Remote Compensation Philosophy

Remote's Total Rewards philosophy is to ensure fair, unbiased compensation and fair equity pay along with competitive benefits in all locations in which we operate. We do not agree to or encourage cheap-labor practices and therefore we ensure to pay above in-location rates. We hope to inspire other companies to support global talent-hiring and bring local wealth to developing countries.

At first glance our salary bands seem quite wide - here is some context. At Remote we have international operations and a globally distributed workforce. We use geo ranges to consider geographic pay differentials as part of our global compensation strategy to remain competitive in various markets while we hiring globally.

The base salary range for this full-time position is $54,250 USD to $122,050 USD.Our salary ranges are determined by role, level and location, and our job titles may span more than one career level. The actual base pay for the successful candidate in this role is dependent upon many factors such as location, transferable or job-related skills, work experience, relevant training, business needs, and market demands. The base salary range may be subject to change.

Application process

1. Interview with recruiter
2. Interview with future manager
3. Interview with team members (no managers present)
4. Prior employment verification check

Benefits

• work from anywhere
• unlimited personal time off (minimum 4 weeks)
• quarterly company-wide day off for self care
• flexible working hours (we are async)
• 16 weeks paid parental leave
• mental health support services
• stock options
• learning budget
• home office budget & IT equipment
• budget for local in-person social events or co-working spaces

How you’ll plan your day (and life)

We work async at Remote which means you can plan your schedule around your life (and not around meetings).
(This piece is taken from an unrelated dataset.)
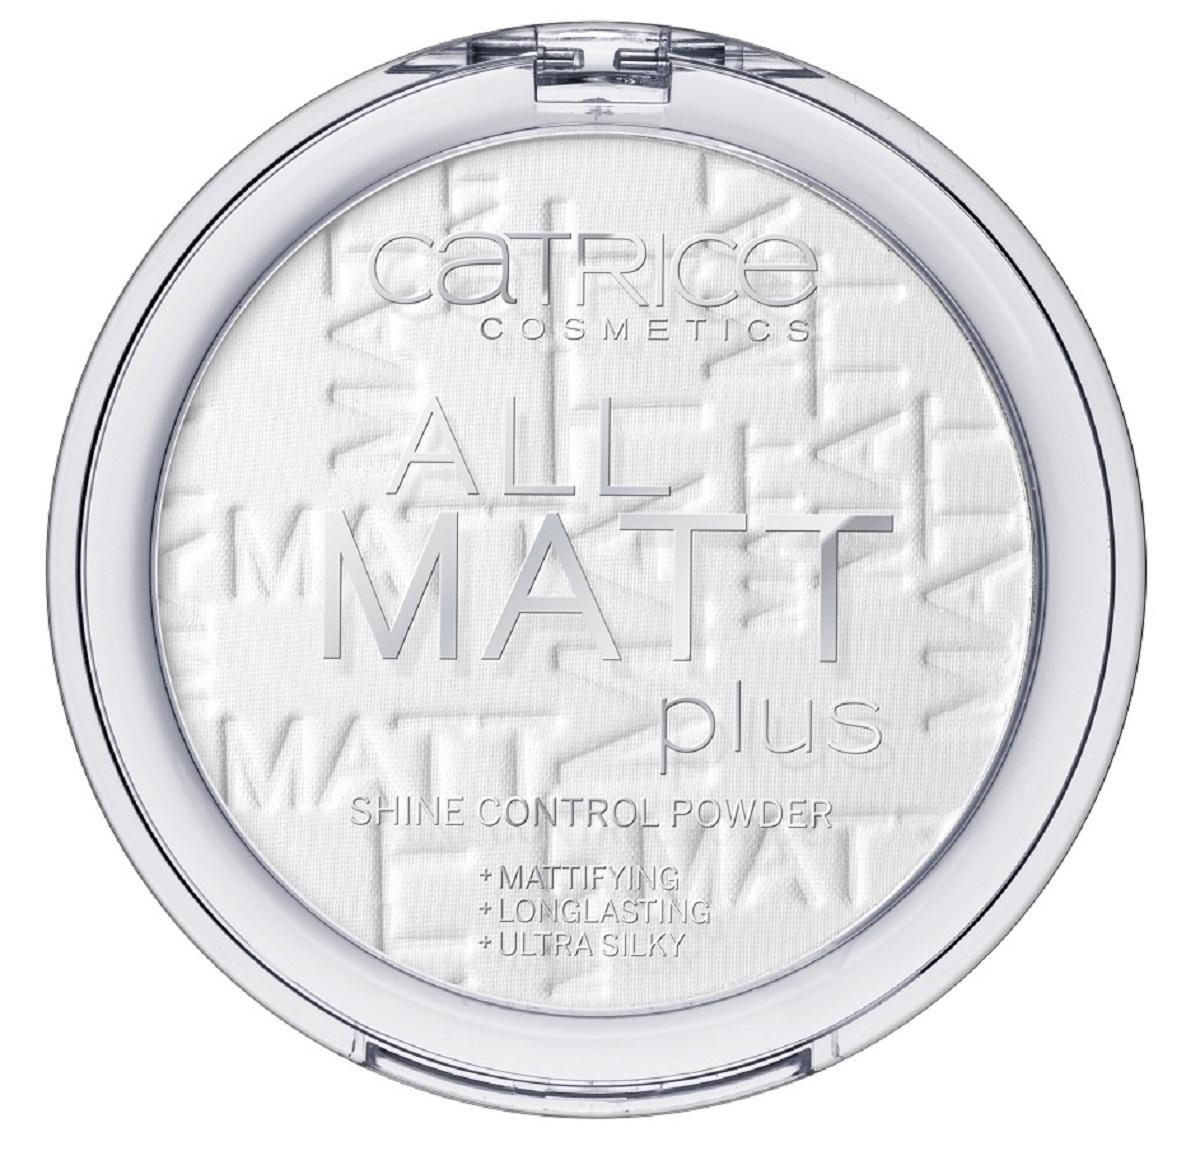 CatriceПудра компактная All Matt Plus Shine Control Powder 001, цвет: прозрачный компактная пудра isa dora anti shine матирующая тон 31 цвет матовый бежевый 10 г

Read more at remote.com/async.

You will be empowered to take ownership and be proactive. When in doubt you will default to action instead of waiting. Your life-work balance is important and you will be encouraged to put yourself and your family first, and fit work around your needs.
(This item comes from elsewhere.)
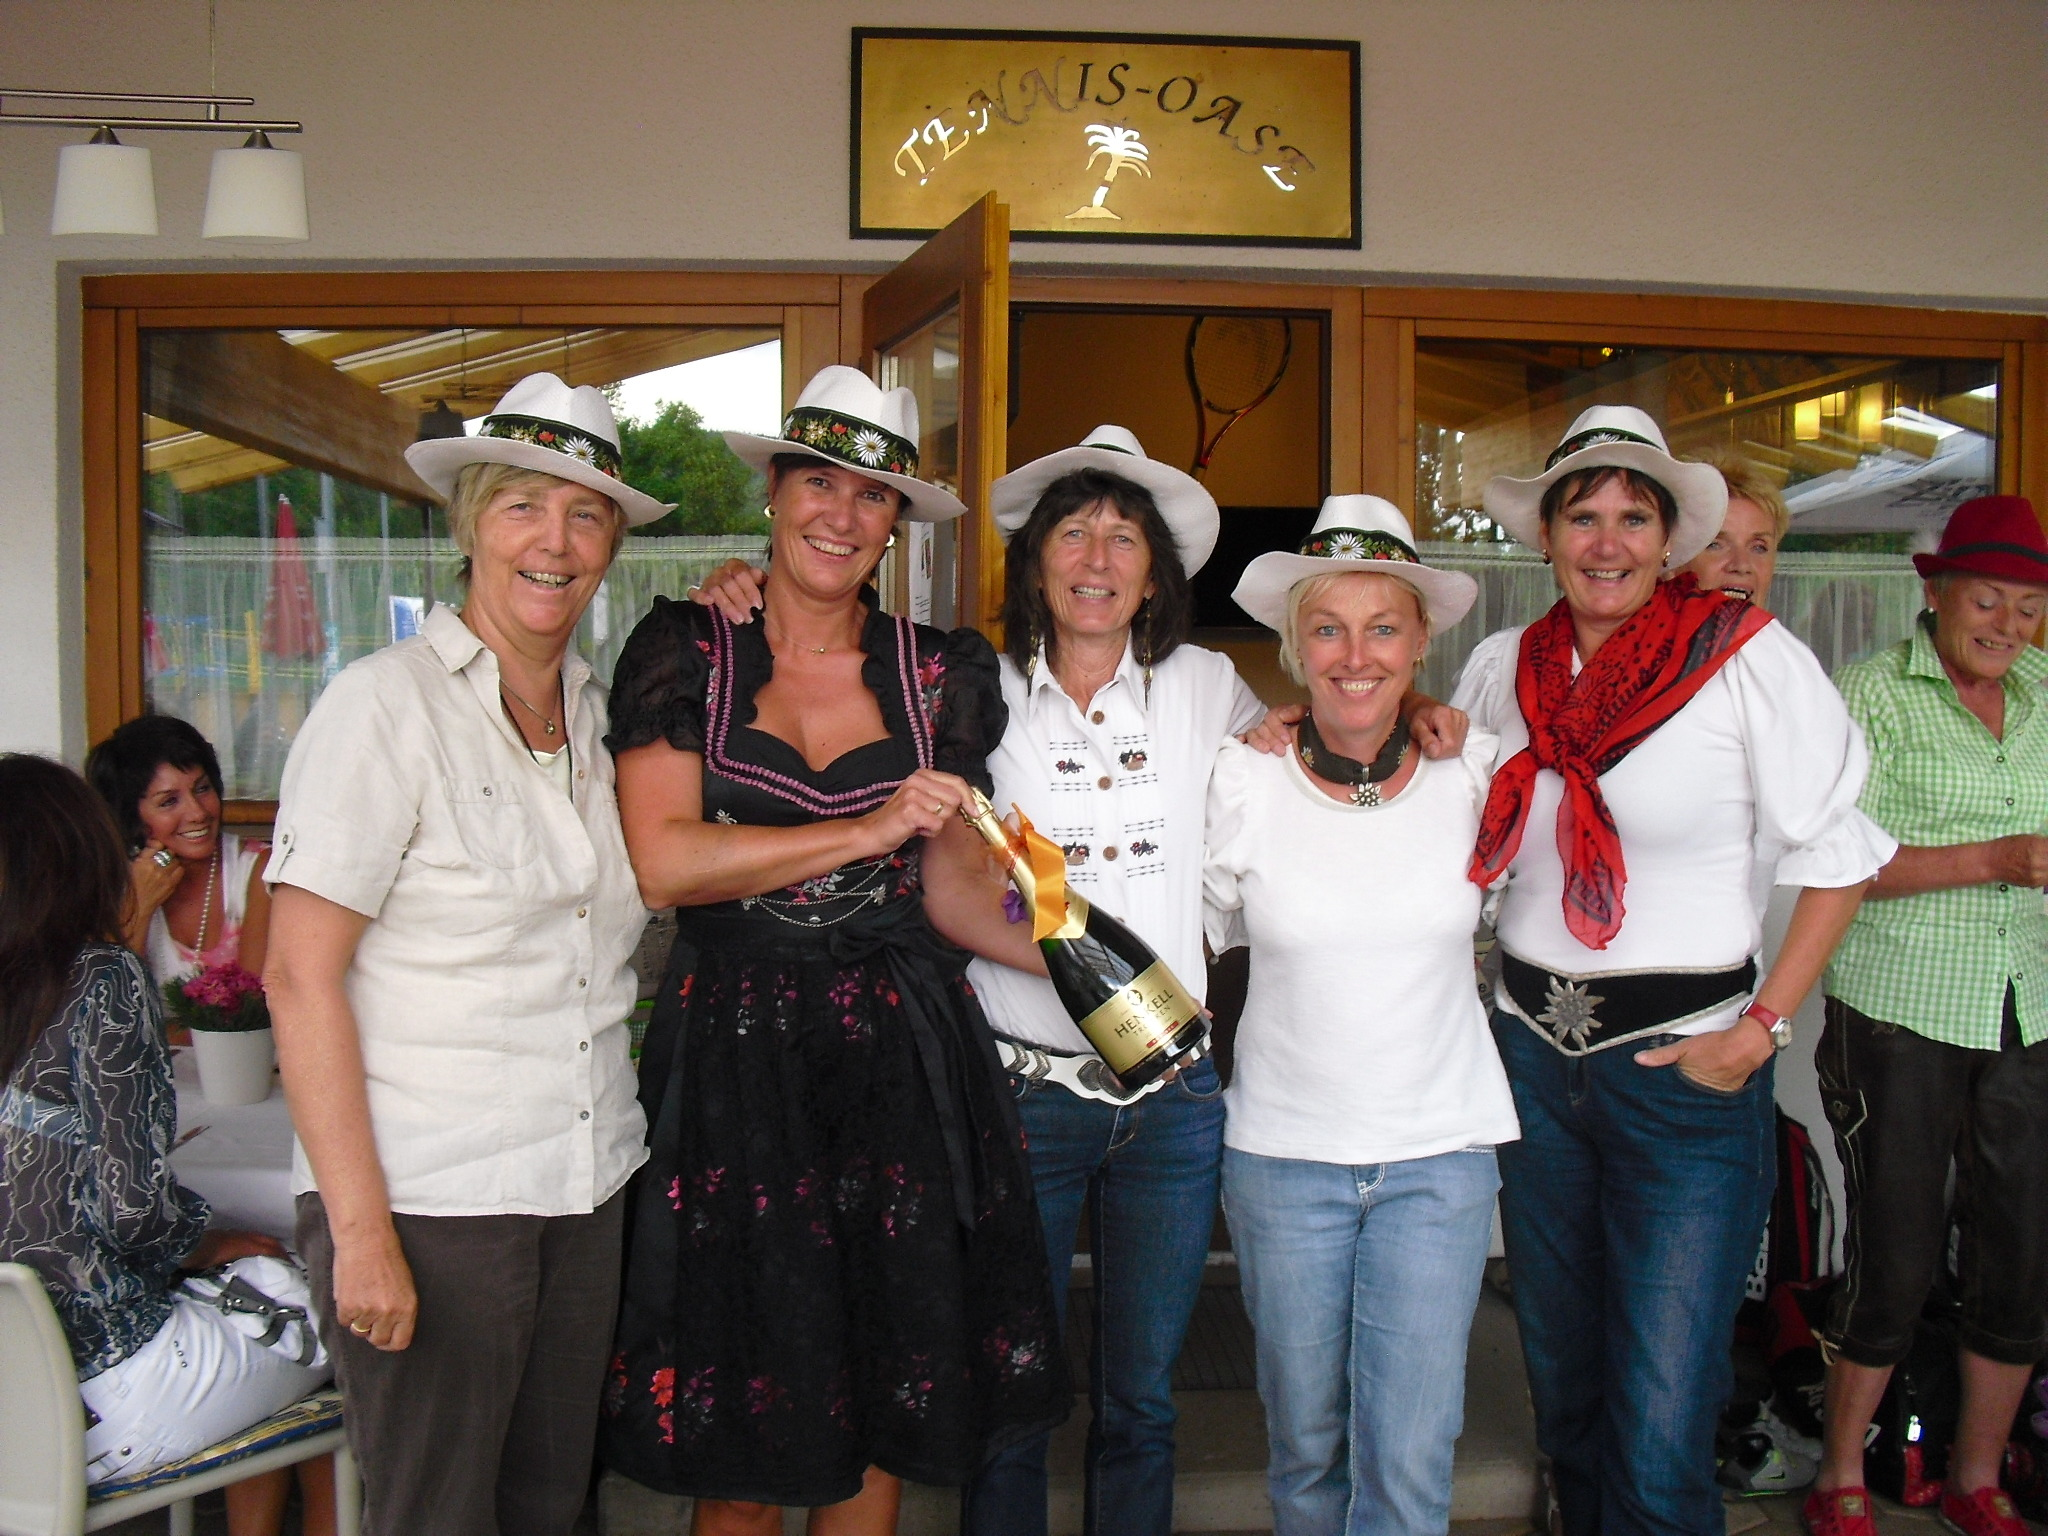 Bekanntschaften in Kematen in Tirol - Partnersuche

If that sounds like something you want, apply now!

How to apply

1. Please fill out the form below and upload your CV with a PDF format.
2. We kindly ask you to submit your application and CV in English, as this is the standardised language we use here at Remote.
3. If you don’t have an up to date CV but you are still interested in talking to us, please feel free to add a copy of your LinkedIn profile instead.
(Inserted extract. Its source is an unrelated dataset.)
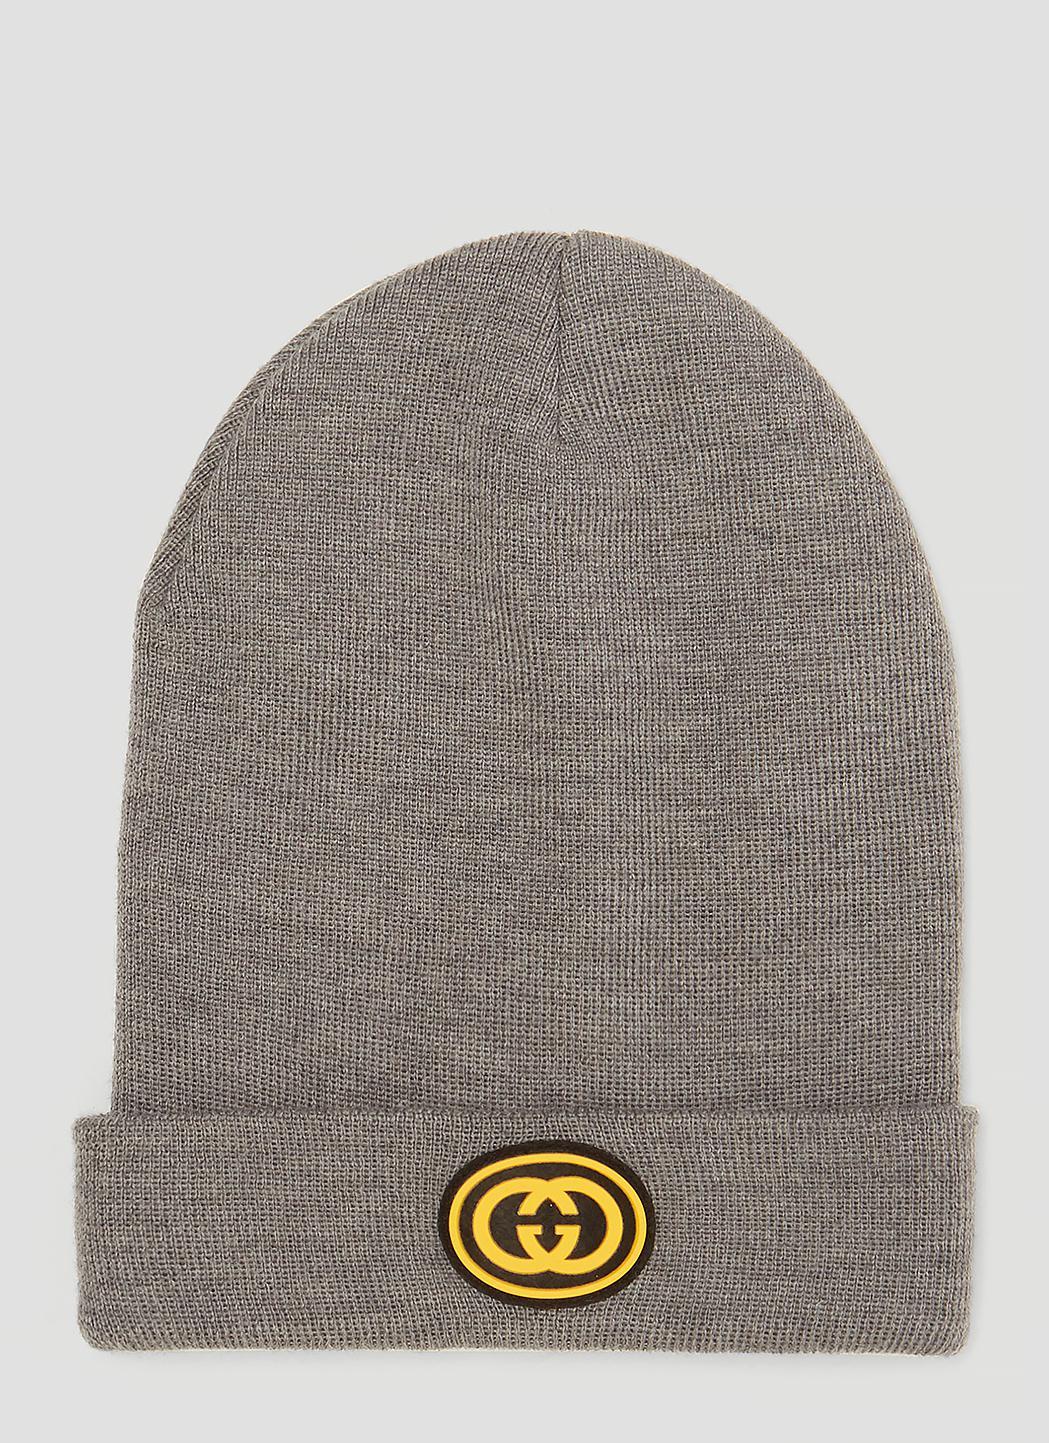 51cd4c0f43a14 Gucci Sf Giants Hat In Grey in Gray - Lyst

We will ask you to voluntarily tell us your pronouns at interview stage, and you will have the option to answer our anonymous demographic questionnaire when you apply below. As an equal employment opportunity employer it’s important to us that our workforce reflects people of all backgrounds, identities, and experiences and this data will help us to stay accountable. We thank you for providing this data, if you chose to.